Pongo el contador en mi reloj y dejo visible la pequeña pantalla holográfica.
—Mierda —digo.
—Sí —conviene Mahnmut—. ¿Vas a TCear de vuelta, Hockenberry? ¿Al Olimpo?
Yo me he llevado la mano al medallón TC de mi garganta, pero sólo porque estaba pensando en ganar unos cuantos minutos teleportándome al campamento aqueo para buscar a Aquiles. Pero la pregunta de Mahnmut me hace detenerme y pensar.
—Tal vez debiera —digo—. Alguien tiene que ver qué pretenden los dioses. Tal vez pueda hacer de espía por última vez.
—Y luego, ¿qué? —pregunta el robot.
Ahora me toca a mí el turno de encogerme de hombros.
—Luego volveré a por Aquiles y Héctor. Luego, tal vez, digamos, por Odiseo y Paris. Eneas y Diomedes. Llevaré la guerra a los dioses, transportando a los héroes de dos en dos, como los animales del Arca de Noé.
—No parece una logística de campaña militar demasiado eficaz —dice Mahnmut.
—¿Sabes de estrategia militar, pequeña persona robot?
—No. En realidad, de lo único que sé es de un sumergible que se hundió en Marte y de los sonetos de Shakespeare —dice Mahnmut. Se detiene—. Orphu acaba de decirme que no debería incluir los sonetos en mi curriculum.
—¿Marte? —digo yo.
La brillante cabeza metálica se vuelve hacia mí.
—¿No sabías que el Olimpo es en realidad el volcán Monte Olympus de Marte? Has vivido allí durante nueve años, ¿no?
Durante un segundo, me siento tan mareado que tengo que acercarme tambaleándome a un peñasco y sentarme o temo que acabaré por despertarme en el suelo.
—Marte —repito. Dos lunas, el enorme volcán, el suelo rojo, la gravedad reducida a la que tanto me gustaba regresar después de un largo día en las llanuras de Ilión—. Marte. Que me zurzan. Marte.
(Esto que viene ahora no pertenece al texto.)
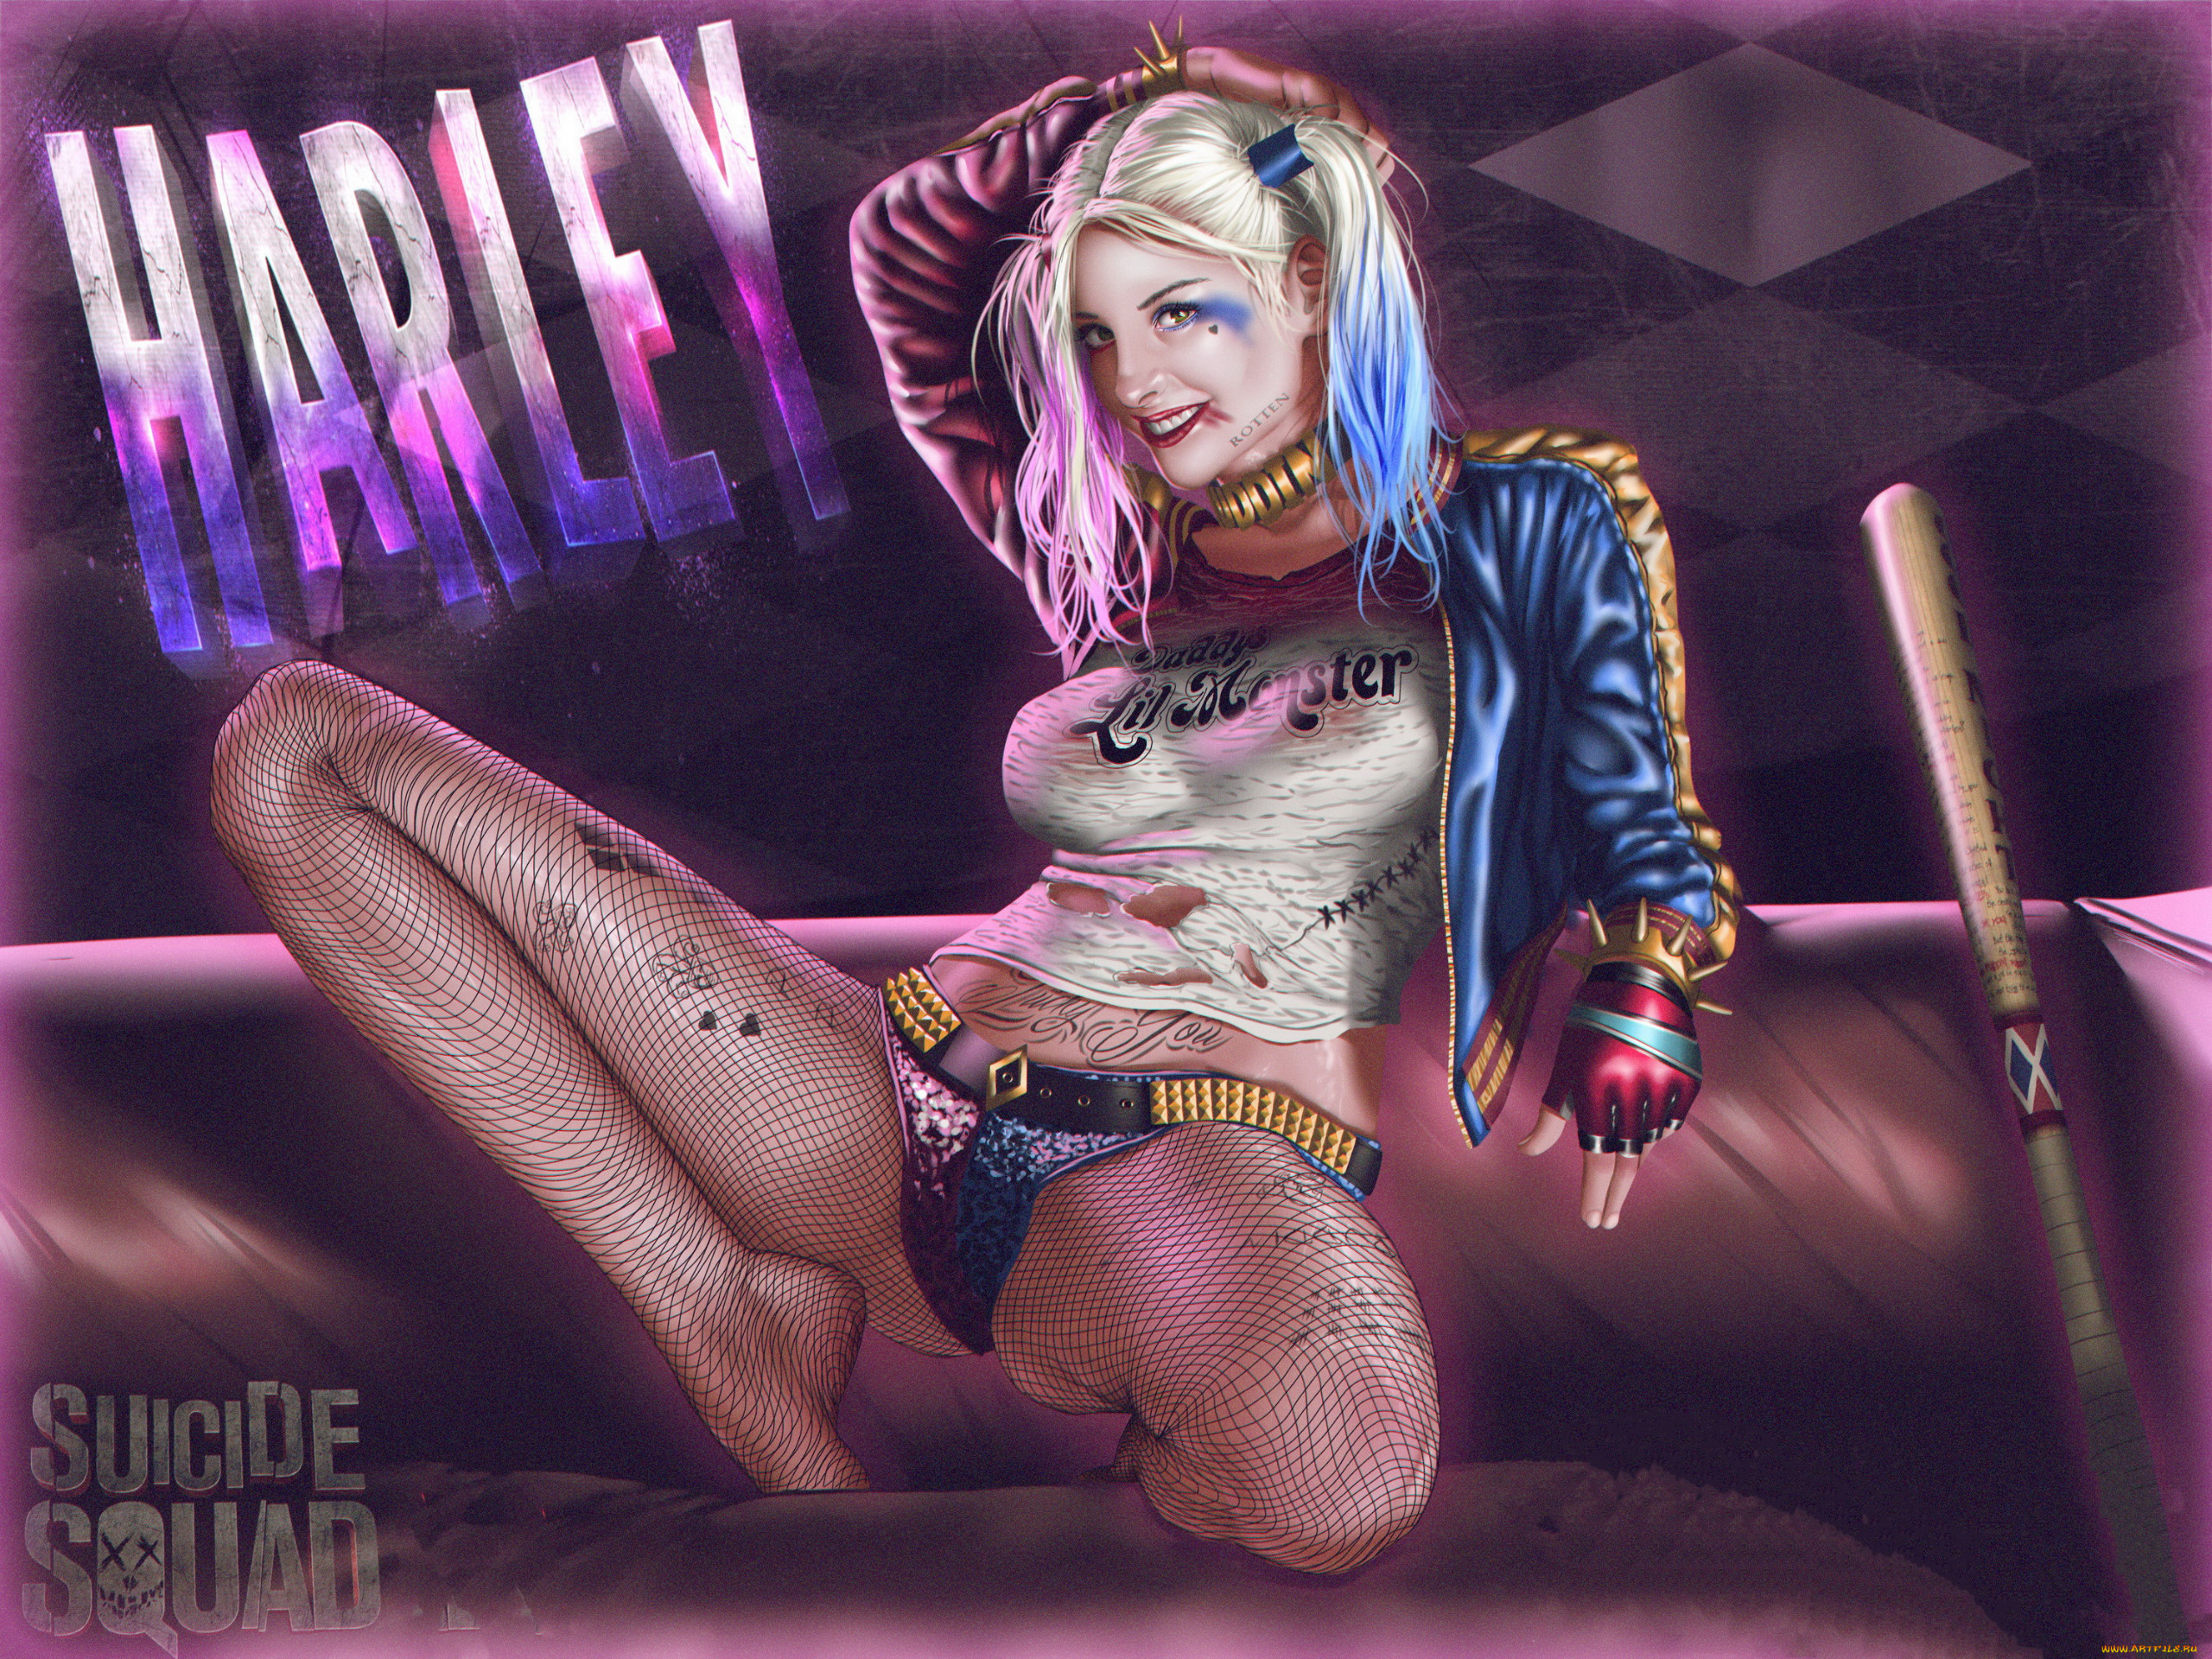 General 2560x1920 spread legs fantasy girl fantasy art Harley Quinn

Mahnmut no dice nada, sabedor quizá de que ya me ha avergonzado lo suficiente por hoy.
—Espera un momento —digo—. Marte no tiene cielos azules, océanos, árboles, aire para respirar. Vi llegar la primera sonda Viking en 1976. Vi en la tele, años más tarde, décadas más tarde, cuando aquel Sojourner echó a andar y se atascó con una roca. No había océanos. Ni árboles Ni aire.
—Lo han terraformado —dijo Mahnmut—. Y bastante bien, por cierto.
—¿Quién lo ha terraformado? —digo, oyendo la cólera defensiva en mi voz.
—Los dioses —dice Mahnmut, pero percibo un leve matiz de interrogación en su tersa voz rebotica.
Miro mi reloj. Quince minutos treinta y ocho segundos. Planto la pantalla del cronómetro visual delante de los ojos, las cámaras o lo que sea que haya detrás de esa franja que tiene el robot en la cara.
—¿Qué va a pasar dentro de quince minutos, Mahnmut? No me digas que ni Orphu ni tú lo sabéis.
—No lo sabemos.
—Voy a subir a ver qué pasa —digo, agarrando el medallón.
—Llévame —dice Mahnmut—. Yo coloqué el temporizador. Debería estar allí cuando se active el Aparato.
Me detengo de nuevo, mirando al enorme caparazón situado tras Mahnmut.
—¿Vas a desactivarlo? —pregunto.
—No. Ésa era mi misión: entregar y activar el Aparato. Pero si el temporizador no lo dispara, debería estar allí en persona para activarlo.
—¿Estamos hablando… incluso aunque sea una posibilidad remota, del fin del mundo, Mahnmut?
La vacilación del robot me lo dice todo.
—Deberías quedarte con Orphu otros… ah… catorce minutos treinta y nueve segundos —digo—. Tal como está el pobre, el mundo podría acabarse y no saberlo a menos que se lo digas.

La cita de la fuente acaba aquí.